Cleaning up our vehicle weight data#
Before we can analyze our data, we'll need to combine vehicle weights with makes and models, as well as clean up the results a bit.
import glob
import pandas as pd
Read in all of the vehicle weight csv files#
filenames = glob.glob("vehicle-data/*.csv")
filenames[:5]
len(filenames)
df = pd.concat([pd.read_csv(filename) for filename in filenames], sort=False, ignore_index=True)
df.head(2)
Cut it to be just the columns we're interested in#
df = df[['Curb Weight-automatic', 'Curb Weight-manual', 'Make', 'Model', 'Model Year']].copy()
df.head()
Remove 'lbs' from the weight columns, then average the two#
df['Curb Weight-automatic'] = df['Curb Weight-automatic'].str.replace(' lbs', '')
df['Curb Weight-manual'] = df['Curb Weight-manual'].str.replace(' lbs', '')
df.head(2)
# Average the automatic and manual weights
df['weight'] = df[['Curb Weight-automatic','Curb Weight-automatic']].astype(float).mean(axis=1)
df.head(2)
df.drop(columns=['Curb Weight-automatic', 'Curb Weight-manual'], inplace=True)
df.head()
Maybe there are multiples per make/model/year, so we'll average those, too#
# Now let's group by make, model and year and get the average weight
weights = df.groupby(['Make', 'Model', 'Model Year']).weight.mean().to_frame().reset_index()
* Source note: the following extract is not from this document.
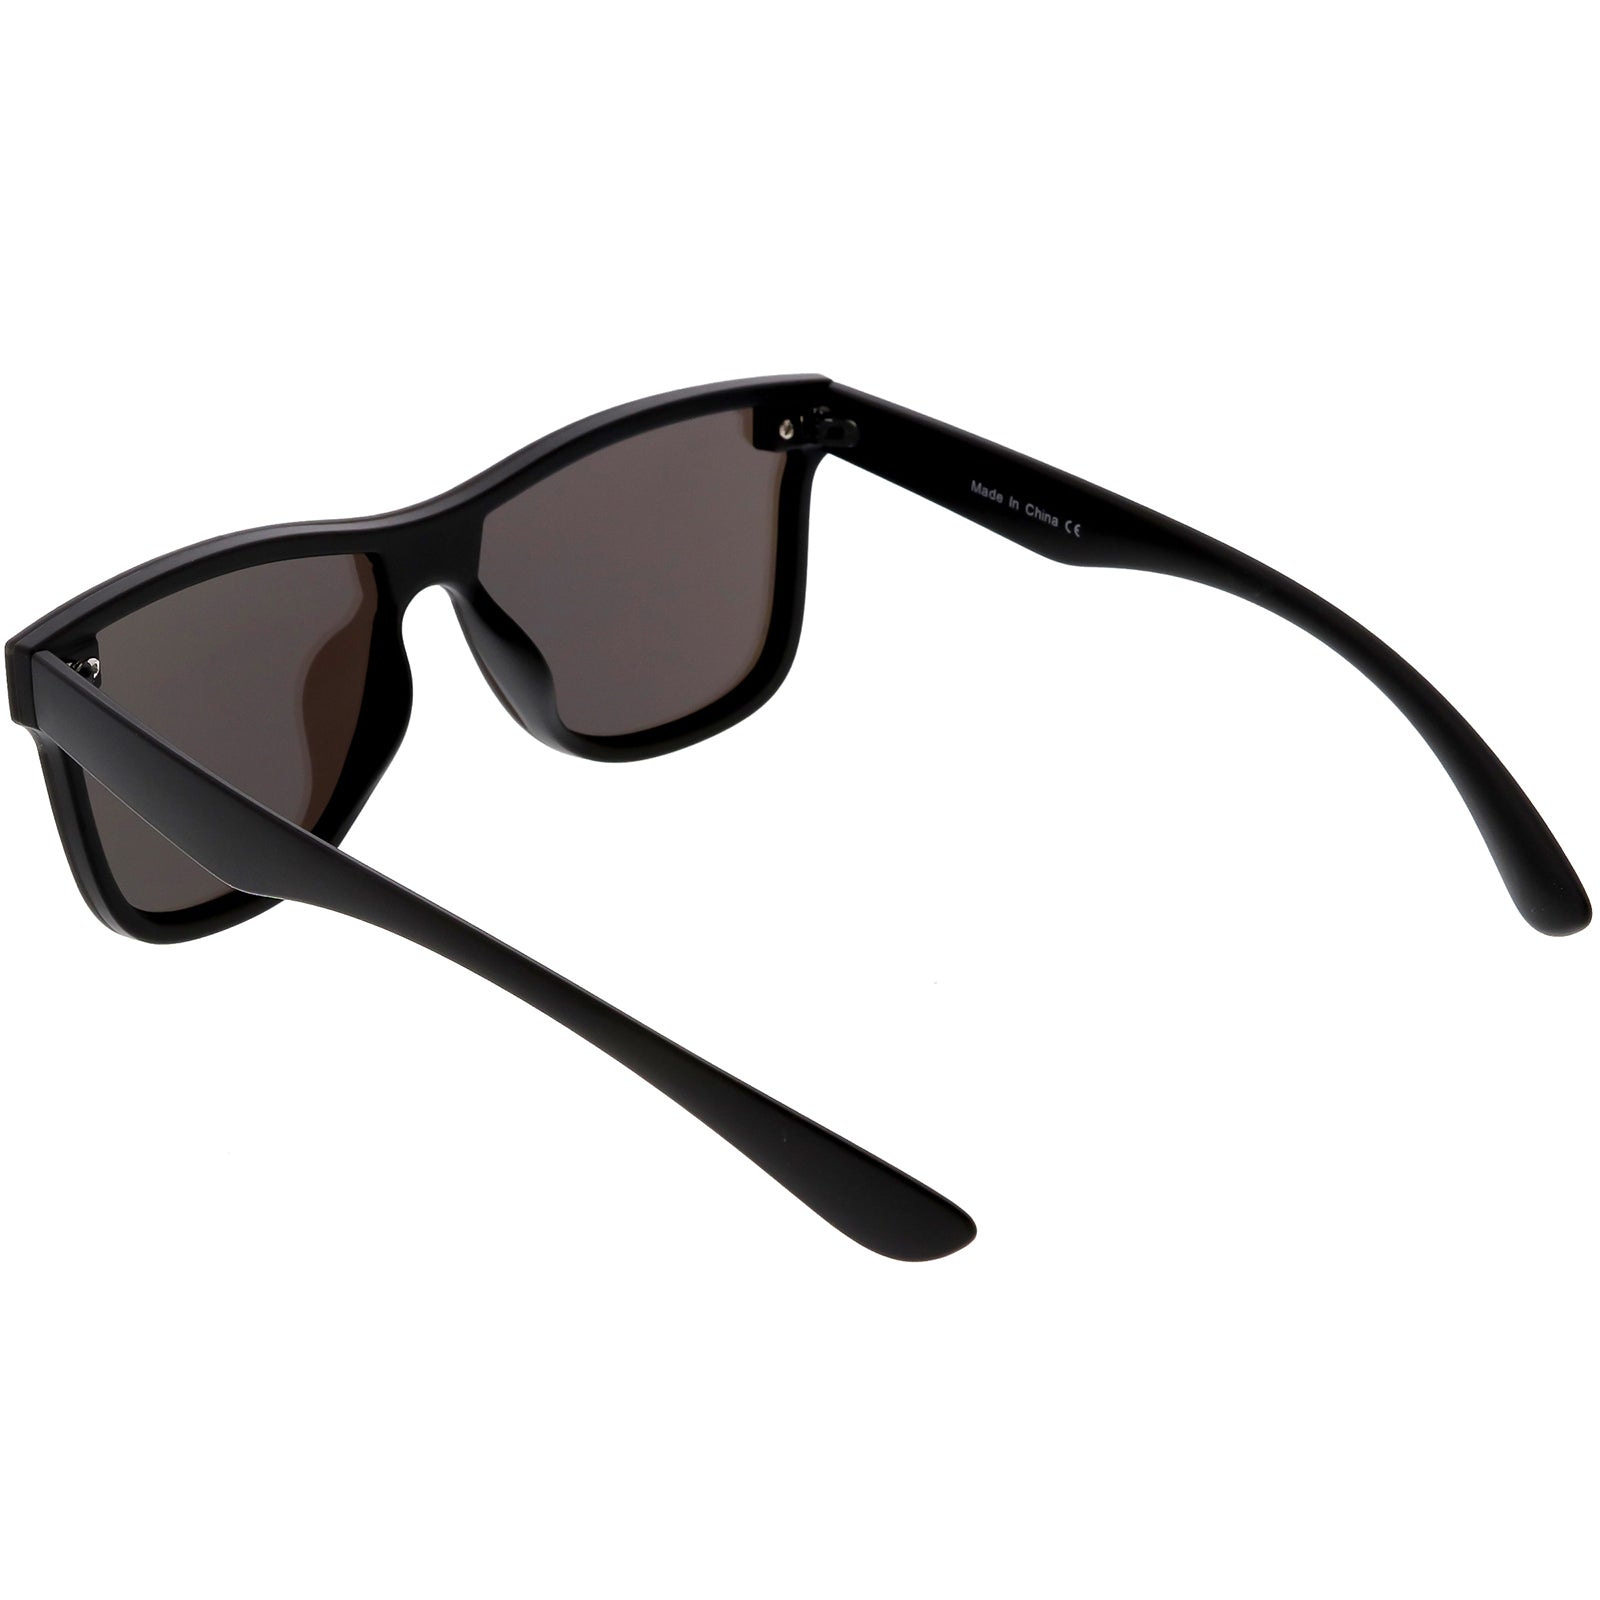 Futuristic Horn Rimmed Rimless Sunglasses Mirrored Shield Lens 59mm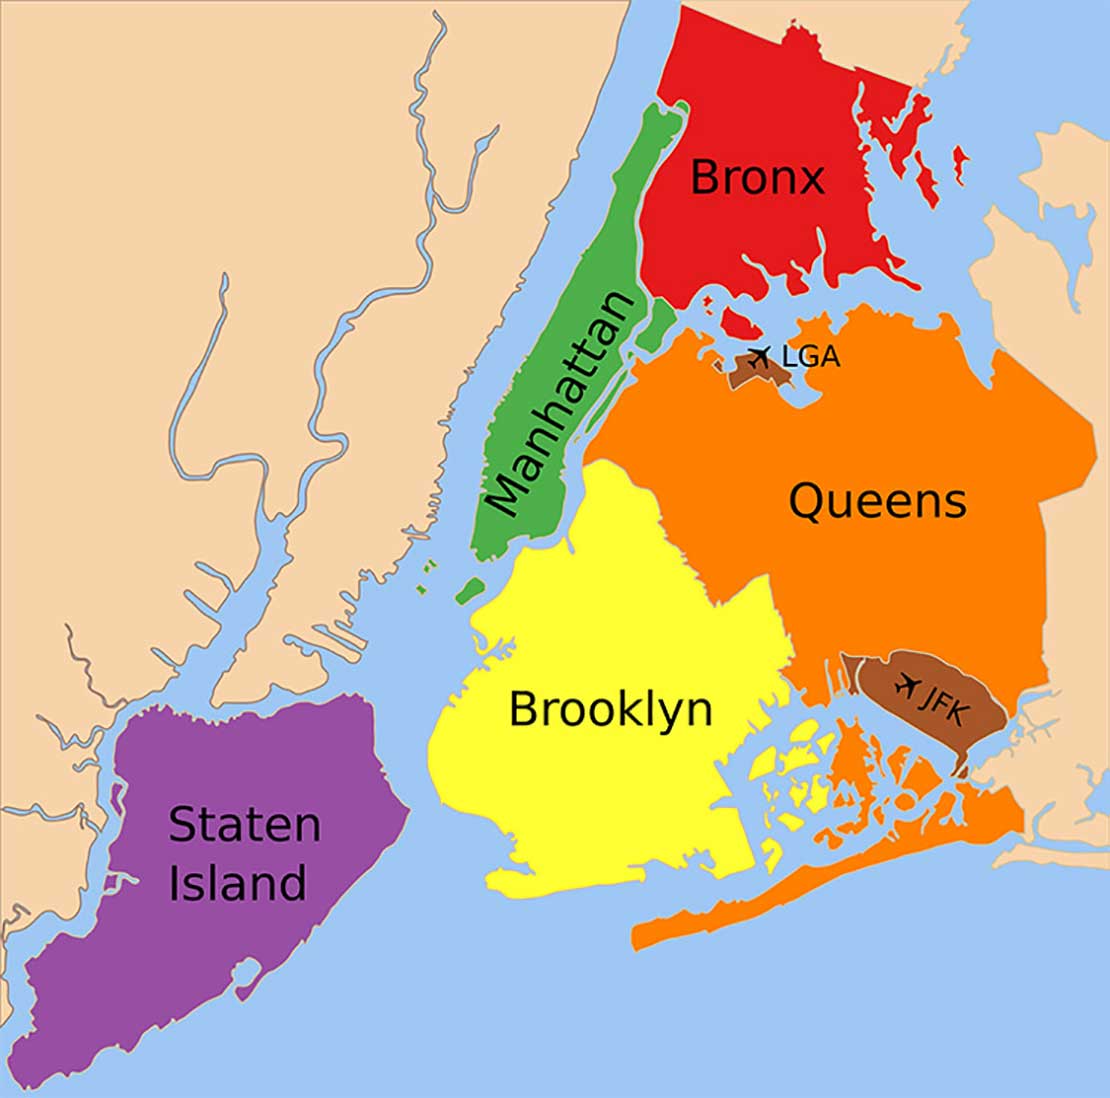 5 Boroughs of New York City

# Remove anything that doesn't have a weight
weights.dropna(subset=['weight'], inplace=True)
# Make the weights integers because we don't need that specificity
weights.weight = weights.weight.astype(int)
# What do we have?
weights.head()
weights.shape
Standardization#
We'll need this to match content later
- Rename Model Year column
- Capitalize Make/Model
weights.rename(columns={'Model Year': 'ModelYear'}, inplace=True)
weights.ModelYear = weights.ModelYear.astype(str)
weights.Make = weights.Make.str.upper()
weights.Model = weights.Model.str.upper()
Interpolate missing values#
Sometimes we have 2005 and 2007 but not 2006. We'll interpolate those.
# Pivot so each type of car is a column
weights_pivot = weights.pivot_table(values="weight", index='ModelYear', columns=['Make', 'Model'])
weights_pivot.head(10)
# Interpolate missing values in those columns
weights_pivot = weights_pivot.interpolate(limit_direction='both')
weights_pivot.head(10)
# Convert it back into the normal dataframe
filled_in = weights_pivot.T.stack(dropna=False).reset_index()
filled_in.rename(columns={0: 'weight'}, inplace=True)
filled_in.dropna(inplace=True)
filled_in.weight = filled_in.weight.astype(int)
filled_in.head(10)
filled_in.shape
Add in manual work#
manual_weights = pd.read_csv("weights_needed_completed.csv", na_values='x')
manual_filled = manual_weights.set_index(['make', 'model']).dropna(how='all').T.interpolate(limit_direction='both')
manual_realigned = manual_filled.T.stack(dropna=False).reset_index().rename(columns={
'make': 'Make',
'model': 'Model',
'level_2': 'ModelYear',
0: 'weight'
})
filled_in = pd.concat([filled_in, manual_realigned], sort=False, ignore_index=True)
filled_in.head()
filled_in.shape
Save the output#
# Let's just save it right to the data folder
filled_in.to_csv("data/weights.csv", index=False)